[写真]=AFC

 中国第四の都市・深圳にて開催中のAFC U20アジアカップは20日までにグループステージの全日程を終了。“アジアの8強”が出揃った。勝ち残っているのは、サウジアラビア、中国、韓国、ウズベキスタン、オーストラリア、イラク、イラン、そして日本である。

 日本のグループステージは「思い描いていたプラン通りではあるけど、想定内」(船越優蔵監督)で推移することとなった。タイとの初戦は日本も緊張していたが、相手はもっと緊張していたというようなゲームの中で、石井久継(湘南ベルマーレ)の先制点から、最終的には3-0と快勝。順調なスタートを切った。

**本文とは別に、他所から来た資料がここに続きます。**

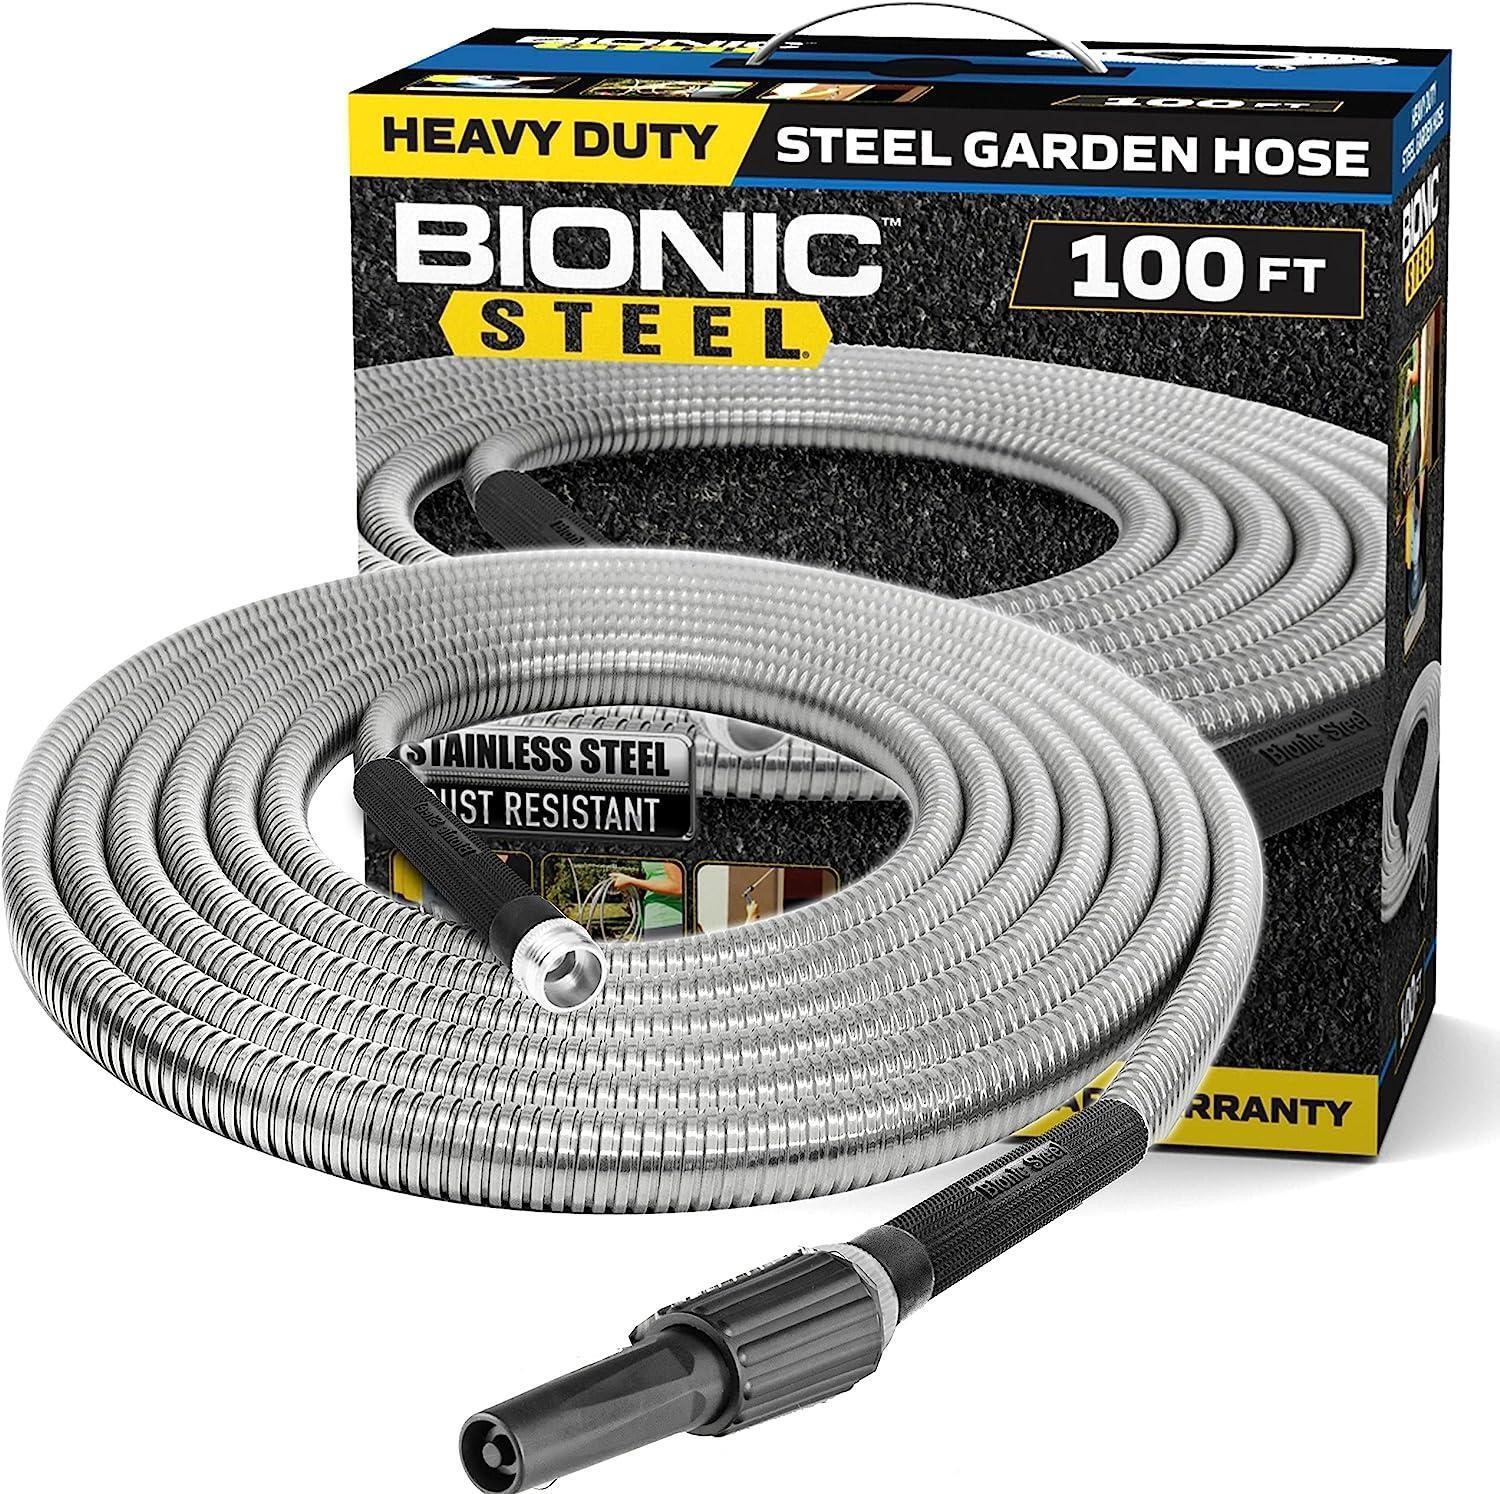 2021 Bionic Steel Garden Hose 100ft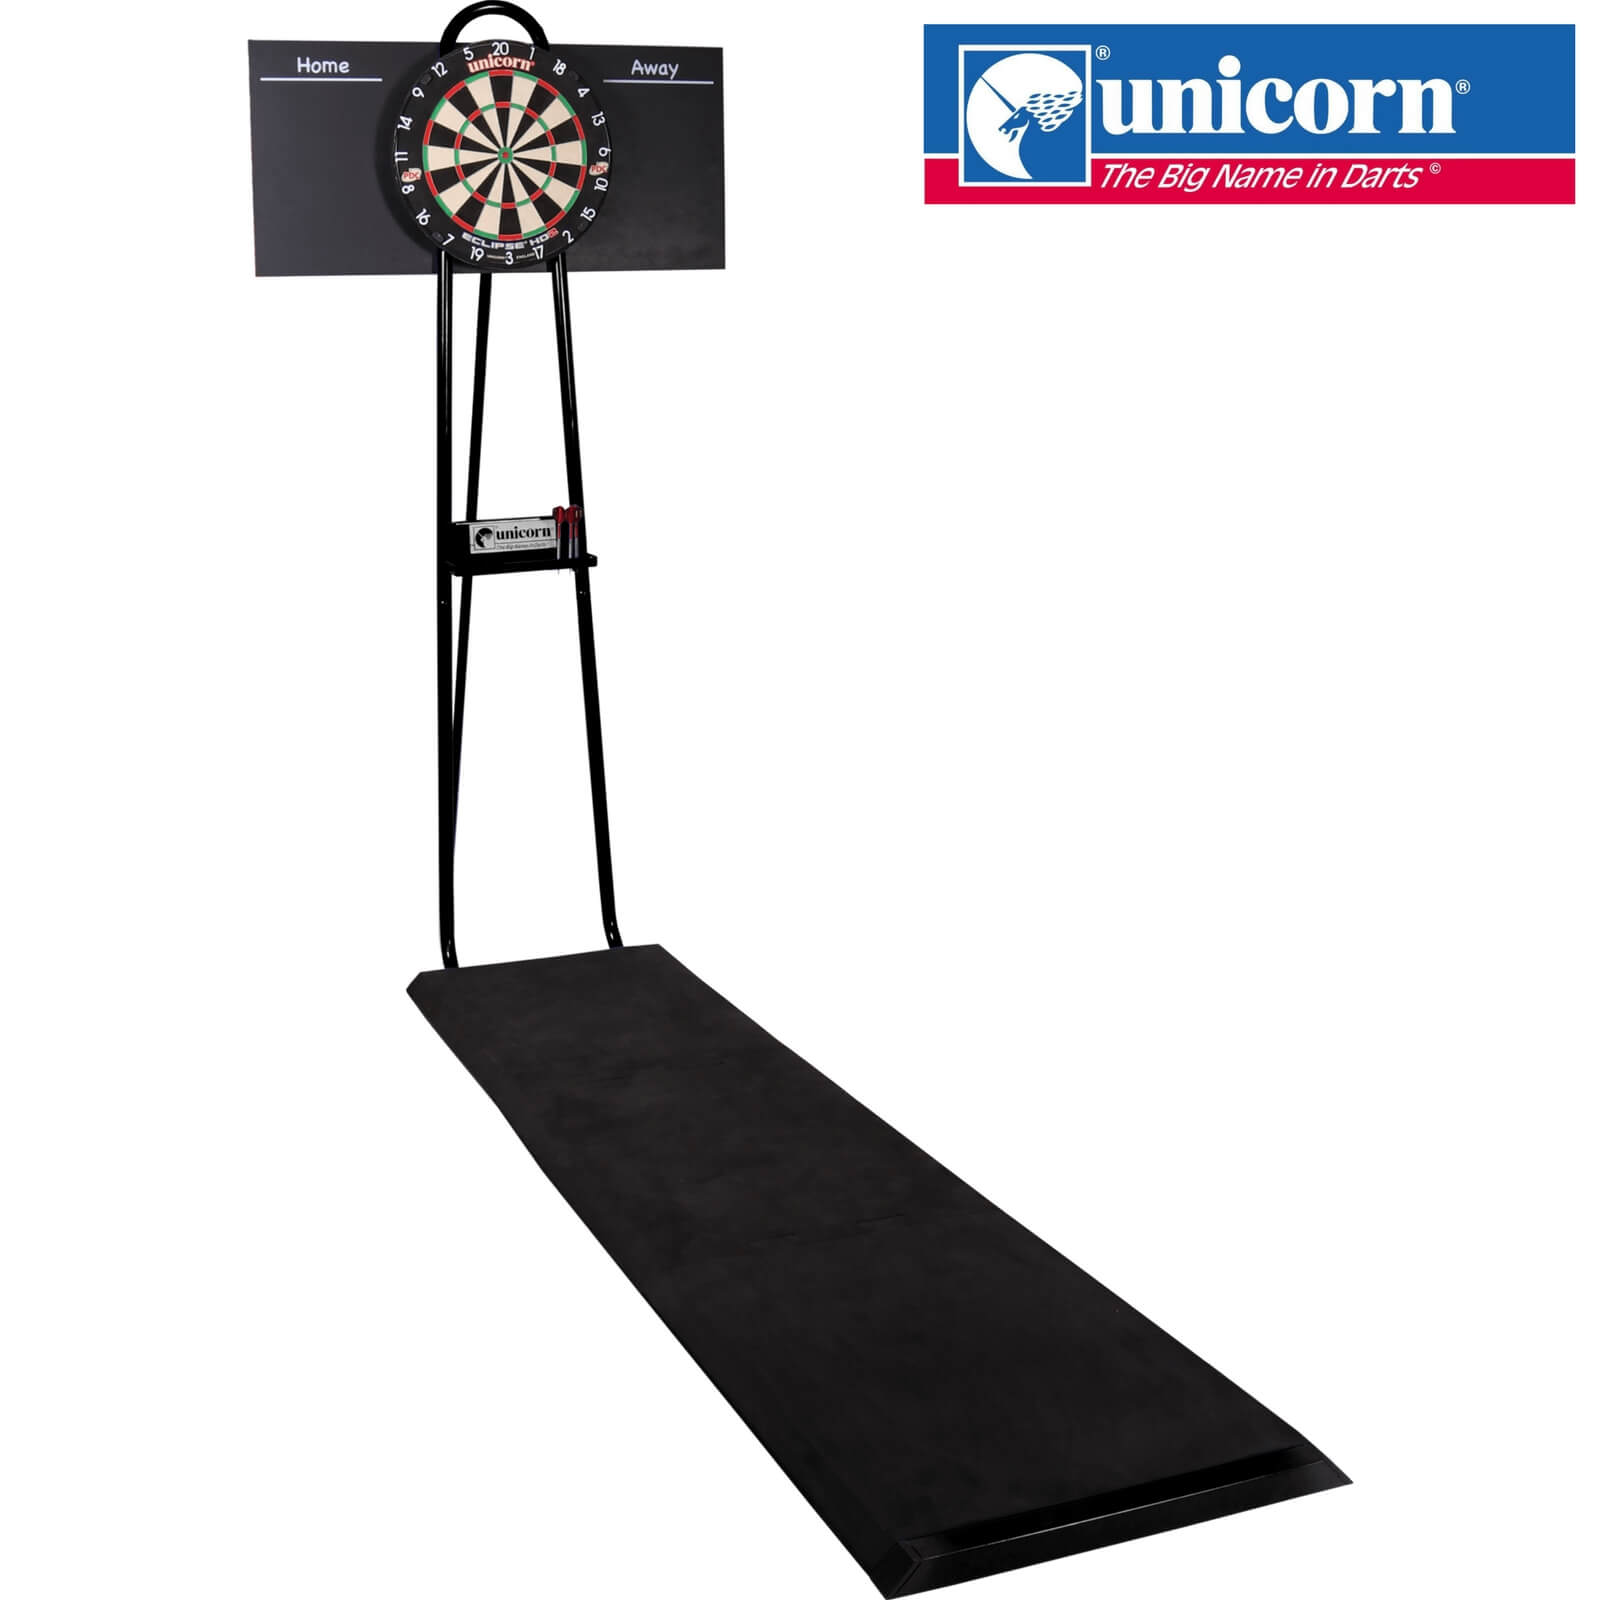 Dartboard Accessories - Unicorn - Dartmate Pro 2 Tournament Dartboard Stand - Shipping Included

 続くシリアとの第2戦は、大会開幕前から難所としてイメージされていた。昨年行った親善試合では2-2と引き分けており、良くも悪くもそのイメージを持った状態で臨んだ。相手のカウンター対策を兼ねて採用した3バックシステムによって攻撃が重くなってしまい、相手のリスタートに対するミスも絡んで2度の先行を許す展開に。最後は交代出場のFW高岡伶颯(日章学園高校/サウサンプトン内定)の得点で命拾いする形のドローとなったが、課題を突き付けられる試合となった。

「(シリアは)命がけというか、相当な覚悟を持って試合に臨んでいた。気持ちの部分で自分たちが劣ってしまってたのは反省です」(MF大関友翔/川崎フロンターレ)

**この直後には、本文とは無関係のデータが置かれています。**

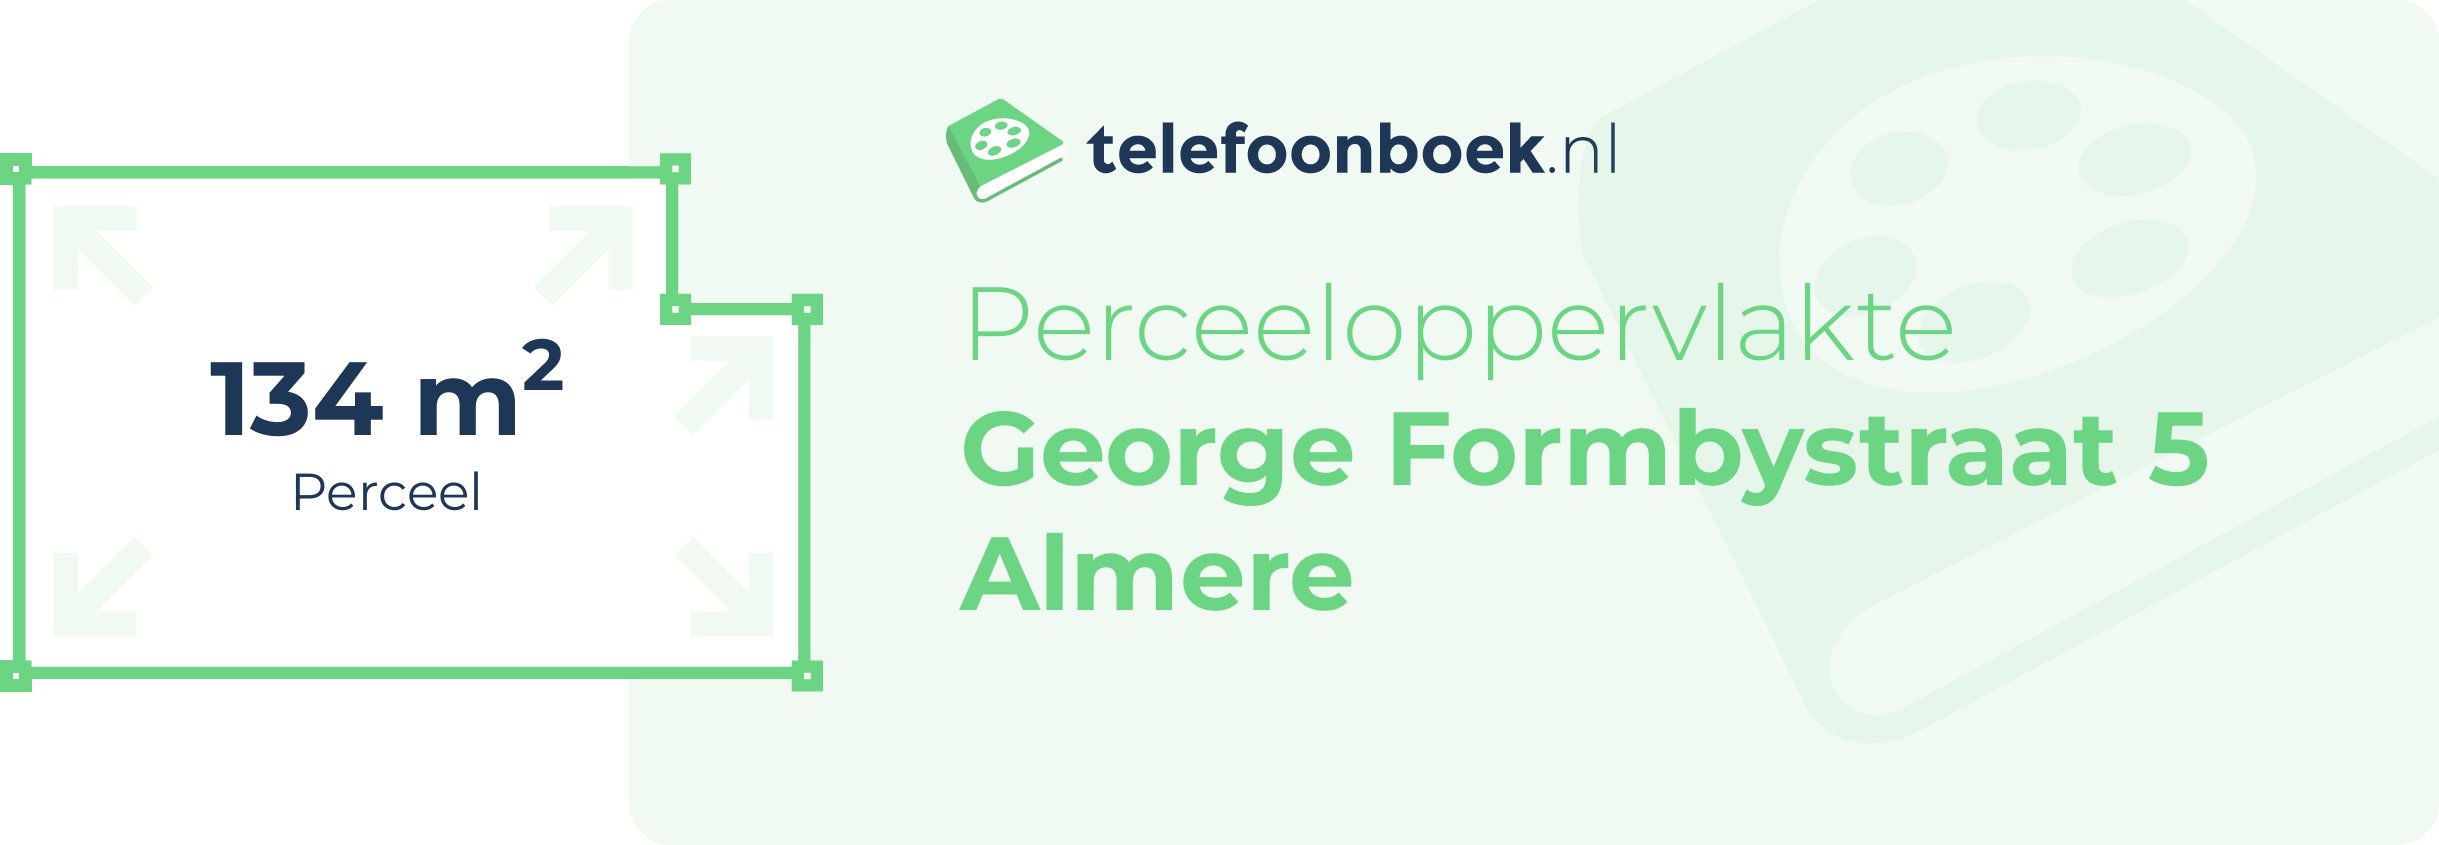 Perceeloppervlakte George Formbystraat 5 Almere

 技術・戦術、駆け引きといった部分での課題はもちろん、新たな国家体制になり、新しい国旗を背負って戦っていたシリアの気迫は特別なものもあり、そこに圧倒された面があったのも否めない。シリア戦は“負けたら終わり”のプレッシャーに晒されながら、国を背負って戦うアジア予選特有のシビアさを選手たちが、肌で感じる機会にもなった。

 最後は韓国とのグループステージ最終戦。日本にとっては「引き分け以上で突破決定」というシチュエーションだったが、韓国はすでに突破を決めている状態。しかも1位抜けと2位抜けでの日程上の差もないため、韓国側は先発8名を入れ替えるほぼターンオーバーを選択してきた。ハーフタイムに行った交代が第3GKの投入だったことからもわかるように、その温度感はかなり低めだった。かつては韓国側に強く存在した“日韓戦だから”という論理もだいぶ薄くなったことを、あらためて実感させられる光景だった。

 その相手に日本は幸先良くFW神田奏真(川崎フロンターレ)が前半のうちに先制点を奪い取り、優勢を確保。その後は「見てる人は退屈だったと思うんですけど」とDF市原吏音(RB大宮アルディージャ)が振り返る“意図した塩試合”の流れに持ち込んだ。

「韓国もグループステージ決まってて、無理して来なかったですし、うまく時間を使いながらボールを回して(時計を進めた)。大人のサッカーというか、これもサッカーの一つ。真剣勝負の上ではあること」(市原)

 個人プレーでの仕掛けはあったが、全体では互いに無理をすることなく時間を経過。韓国側もガムシャラな攻勢を始めるといったことはなく、このまま試合終了かと思われた。だが、まさにそこに落とし穴があり、後半アディショナルタイムに、自陣でのミスからボールを失い、その流れから決められるという最悪な形で同点に追い付かれ、試合は終了。1-1での引き分けに終わった。

 引き分け以上で突破が決まる状況でのドロー決着は本来そこまで落胆するべきではないが、勝利をほぼ掌中に収めながらの失態に、試合後の選手たちからは敗戦後のようなムードが漂ってしまうこととなった。ただ、過去のユース代表を思い出しても、グループステージで順風満帆なら次のステージでうまくいくというわけではなかった。ポジティブに解釈すれば、若い選手たちが「失敗しながら成長していく」(船越監督)過程とも言えるし、決戦を前に苦い薬を飲んだとも言えるだろう。

 23日、イランとの準々決勝は「勝てば世界切符、負ければチーム解散」の試合である。韓国戦のようなややこしい状況ではなく、全力を傾注して勝利を目指すのみ。チーム結成以来最大の決戦が迫りつつある。